With its recent gain in popularity, a lot of things have been called “Artificial Intelligence”. But what is it anyway? According to Wikipedia, it’s “intelligence demonstrated by machines”, but does such a thing exist? At time of writing, they are 4 main types of AI development algorithms.
- Expert systems defines a category of computer programs that are specifically designed to do a task using prior human knowledge. Software engineers work closely with a domain expert to build the program, that will act in a predicable way, like the domain expert would have done if he or she had the same processing power. For example, Deep Blue is an expert system designed by IBM to play chess that won against the former world champion Kasparov.
The drawback of the expert system is that it’s tough to maintain (because it requires an expert on the domain at hand) and it’s costly.
-
Machine Learning is a subclass of Artificial Intelligence where the computer learns patterns out of data using various algorithms. Each data item may have a label or not. If it has one, the computer learns from the relation between the data and its label. Else, the computer learns solely from the data. The advantage of Machine learning is that it does not require expert knowledge, and is usually easier to develop than an expert system.
-
Deep Learning refers to a part of Machine Learning inspired by how the brain works. A Deep Learning model is composed of billions of simple cells wired together. This works well in practice, Deep Learning models outperform other AI program regularly. The major drawback of this approach is that it’s had to explain the reason that led to the decision made by the model.
-
Reinforcement Learning methods learn the same way as we do. An agent evolves in an environment and takes whatever actions it wants to maximize a score (or reward). For example, an agent learning to play tetris receives the game’s score as input. With the score, the agent can explore and find the actions that maximizes its reward, thus learning how to do a task.

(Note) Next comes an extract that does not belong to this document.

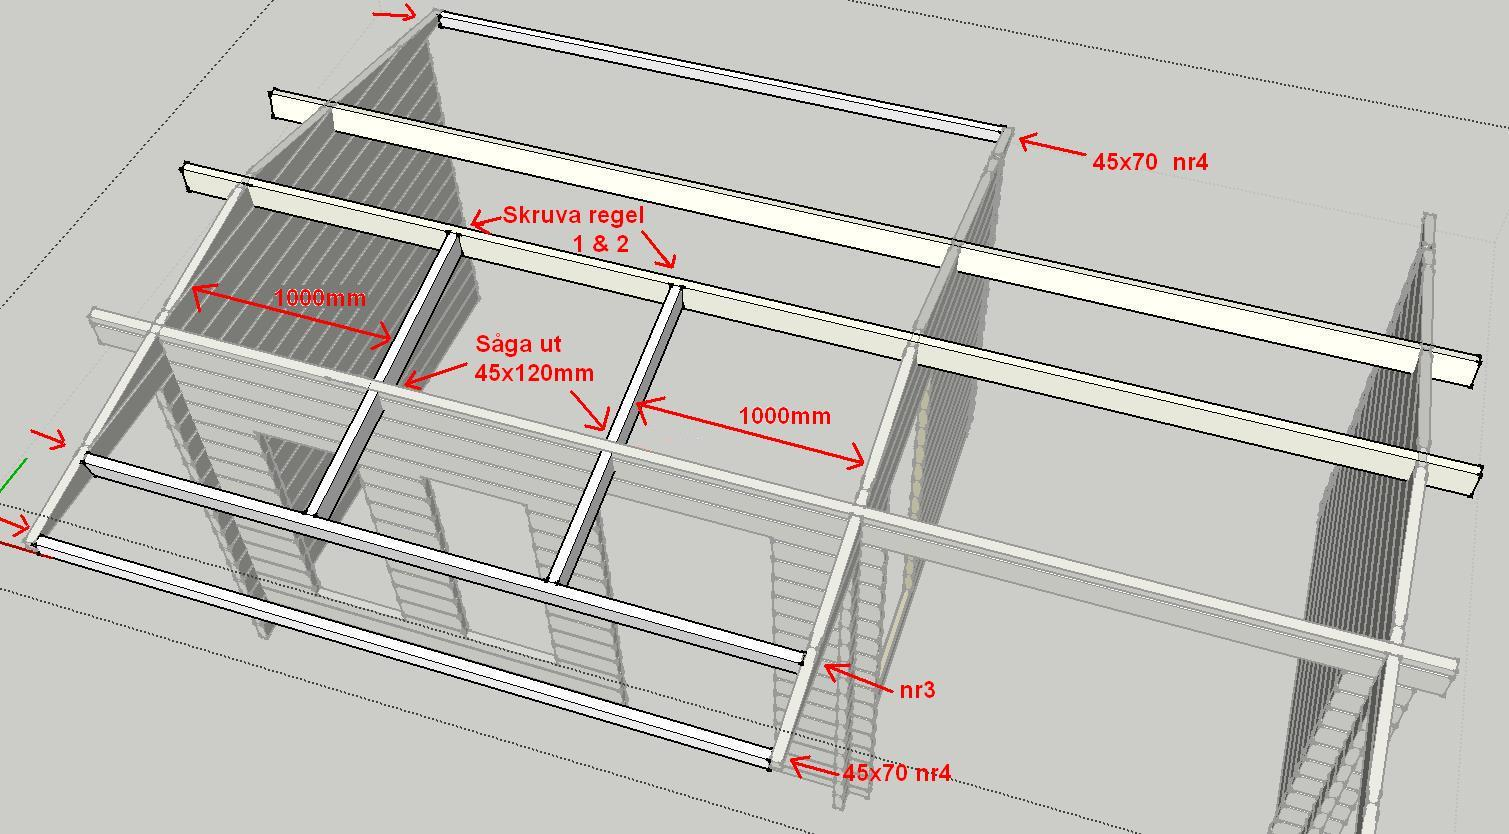 Montera takåsar Börja med att såga ut 2st hål 45x120mm (se pilarna) under det befintliga taket, det ska vara ca 1000mm mellan ytter och mellanväg till regel 1 och 2 som man trär in genom de gjorda
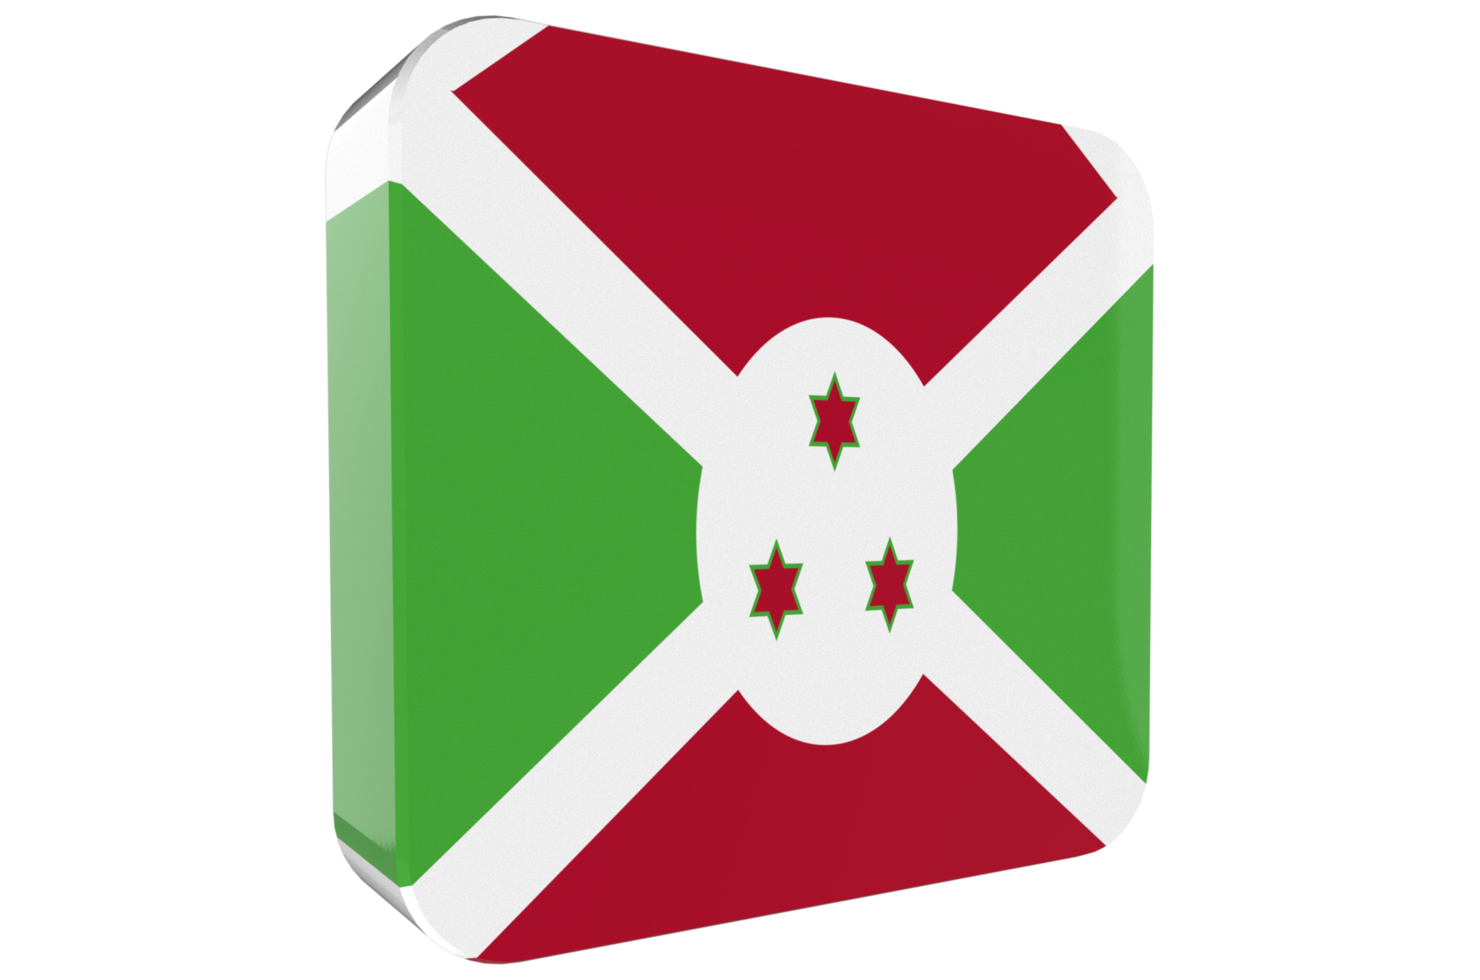 Burundi 3d Flag Icon on PNG Background

But can we say that an Expert System is an artificial intelligence? After all, it’s the human one which goes into it. Expert systems can’t generalize. If they get an input that wasn’t anticipated by human beings, they behave poorly, or even don’t handle it at all. If we define intelligence as the ability to perform a wide variety of actions in a lot of different contexts, then we can say that expert systems rank poorly on the intelligence scale. Artificial Intelligence based on Machine Learning is way more artificial. The point is right in the name. Machines get instructions on how to learn, then they train themselves. Machine learning models can perform well on scenarios they’ve never seen before. This is even more true for Deep Learning.
A few scientists listed a set of tasks a machine should be able to do to be considered “Intelligent”. For example, Alan Turing said a machine would be intelligent if it can be confused with an human, when speaking with a human through a chatbox (it’s called the Turing test). See the original paper. Although this method is simple, and seem to work, there are a few issues to consider.
If the machine becomes smart, nothing prevents it from failing the test intentionally, therefore fooling the humans. It’s hard to spot intelligence because someone or something truly intelligent can always hide it. An intelligent being will reveal its intelligence only if it gains something in return.
In the Chinese Room Argument, John Searle imagines himself in a room. In this room, there’s a set of rules in a book, and Chinese characters. If a Chinese speaker sends him a message through the door, Searle can read the instructions and reply with an appropriate response, thanks to the Chinese characters. The Chinese speaker outside will think that there’s another Chinese speaker chatting with her. But this is not the cause. Jonh Searle doesn’t speak Chinese at all. He’s simply following rules and picking the right characters to send back through the door. The Argument is that in this room, he’s acting like a computer. Therefore, just like the human in the room, computer can appear as genuine native speakers despite them not knowing anything about a language. And you wouldn’t be able to figure out the trick without entering into the room. The Turing test and all the other challenges can be solved without any kind of understanding. This means true Artificial Intelligence is not required, thus can’t be identified by the tests.
According to the arguments above, computers will never be smart, or we’ll never know it. They would only learn increasingly complex patterns. But that doesn’t mean we must stop improving them.